By Nirupama Shivakumar Dec. 14, 2023

For many athletes, being recruited to play college sports is a dream come true. As a way to pursue their passions both academically and athletically, several students partake in the recruitment process to attend schools that best fit their interests. University athletic programs can be divided into Divisions 1, 2 and 3 based on the school’s level of competitiveness. Division 1 schools are known to have the best college athletes, especially in popular sports like football and basketball.


Celina Liu Photo

Leehi Machulsky ‘24 recently committed to Princeton University for fencing. Machulsky is also on the U.S. National Team and plans to continue her sport in college and beyond. Machulsky aims to participate in the Olympics and may major in economics during her time at Princeton.

“It feels really fulfilling to have signed to Princeton. Although I never fenced just to get into college, I love how my hard work is paying off,” Machulsky said.

Families of prospective collegiate student-athletes start looking into schools as early as the eighth grade according to NCSA. They assess which division level is ideal for their athlete, and consider factors such as the amount of time the student can dedicate to sports and their performance. Families also make sure students are on the right track to become NCAA eligible, which includes earning at least a 2.3 grade-point average in core courses, meeting a sliding-scale standard (for example, an SAT score of 820 requires a 2.5 high school core course GPA) and successfully completing 10 of the 16 total required core courses before the start of their seventh semester in high school.
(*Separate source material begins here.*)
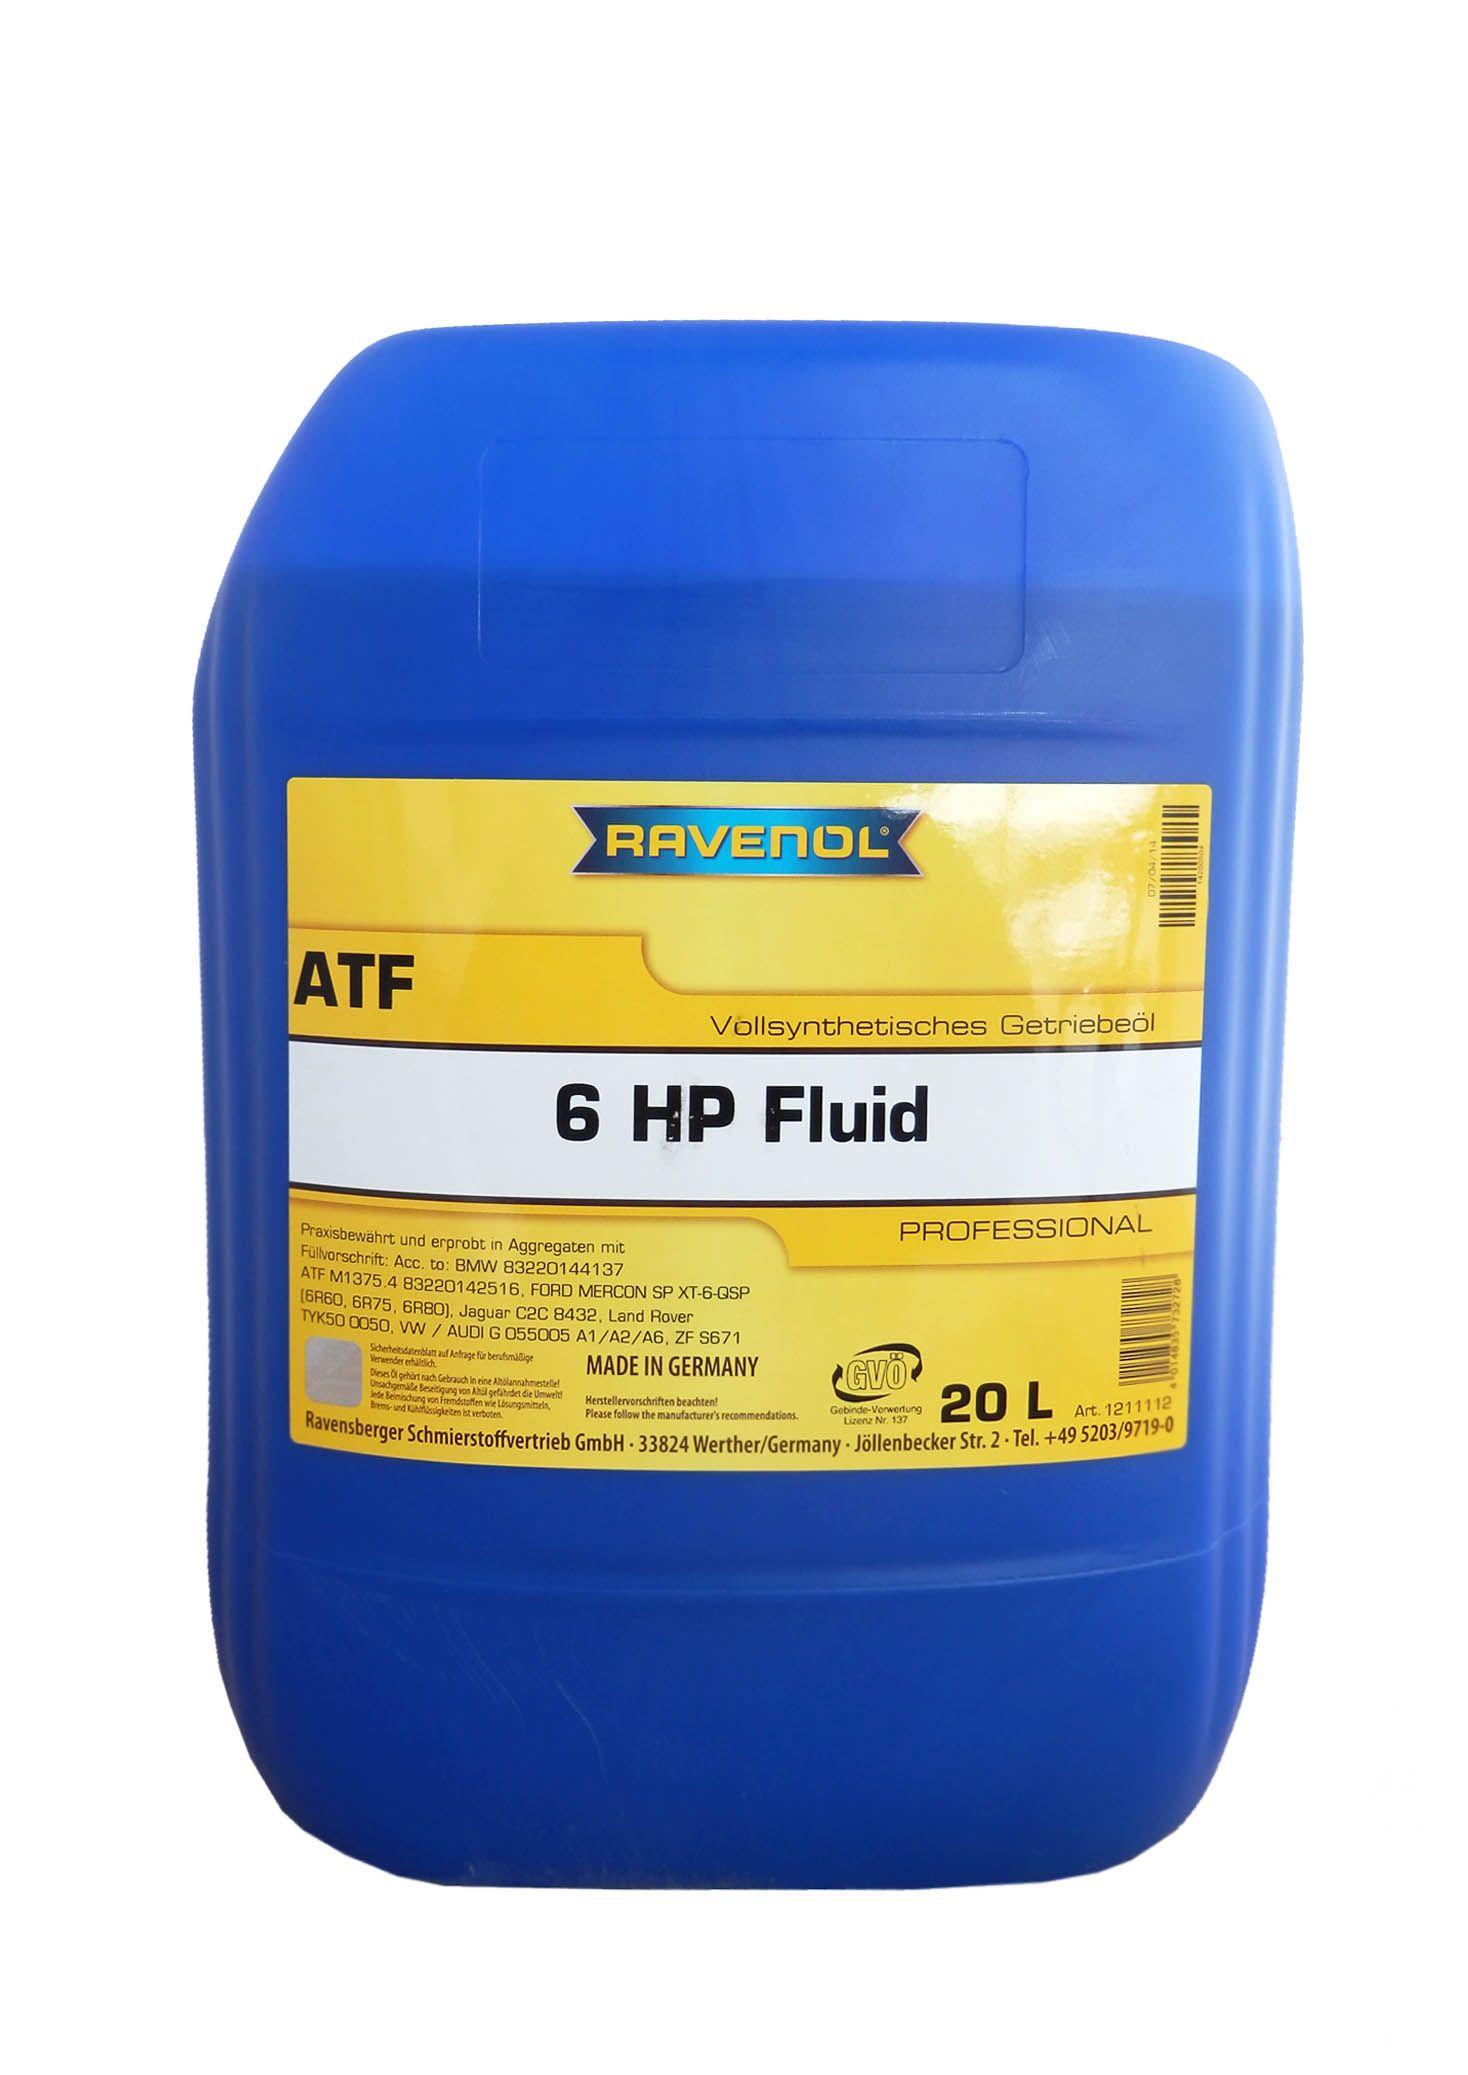 Масло Ravenol ATF 6 HP Fluid (4014835732728) (20л)Ravenol<br><br><br>Артикул: 4014835732728<br>Бренд: Ravenol

Students then may initiate contact with college coaches through platforms such as NCSA, MaxPreps, Hudl and more. NCAA Recruiting Calendars, which details when NCAA D1 and D2 college coaches begin actively recruiting players, are often a valuable resource for high-school athletes aiming to get recruited. The overall goal of the NCAA Recruiting Calendars is to shield top athletes from being overwhelmed with communications from college coaches by setting aside certain times during which coaches are not permitted to get in touch with players. According to the NCAA, creating specific time periods in which recruiting may occur helps protect the well-being of prospective student-athletes and ensure competitive equity.

Aside from their role in college admissions, sports are also a way for students to make life-long friendships and memories. They can also be a great way for students to relax from academic stress. Sophia Sick ‘24, for one, enjoyed her time with soccer both club and school wise.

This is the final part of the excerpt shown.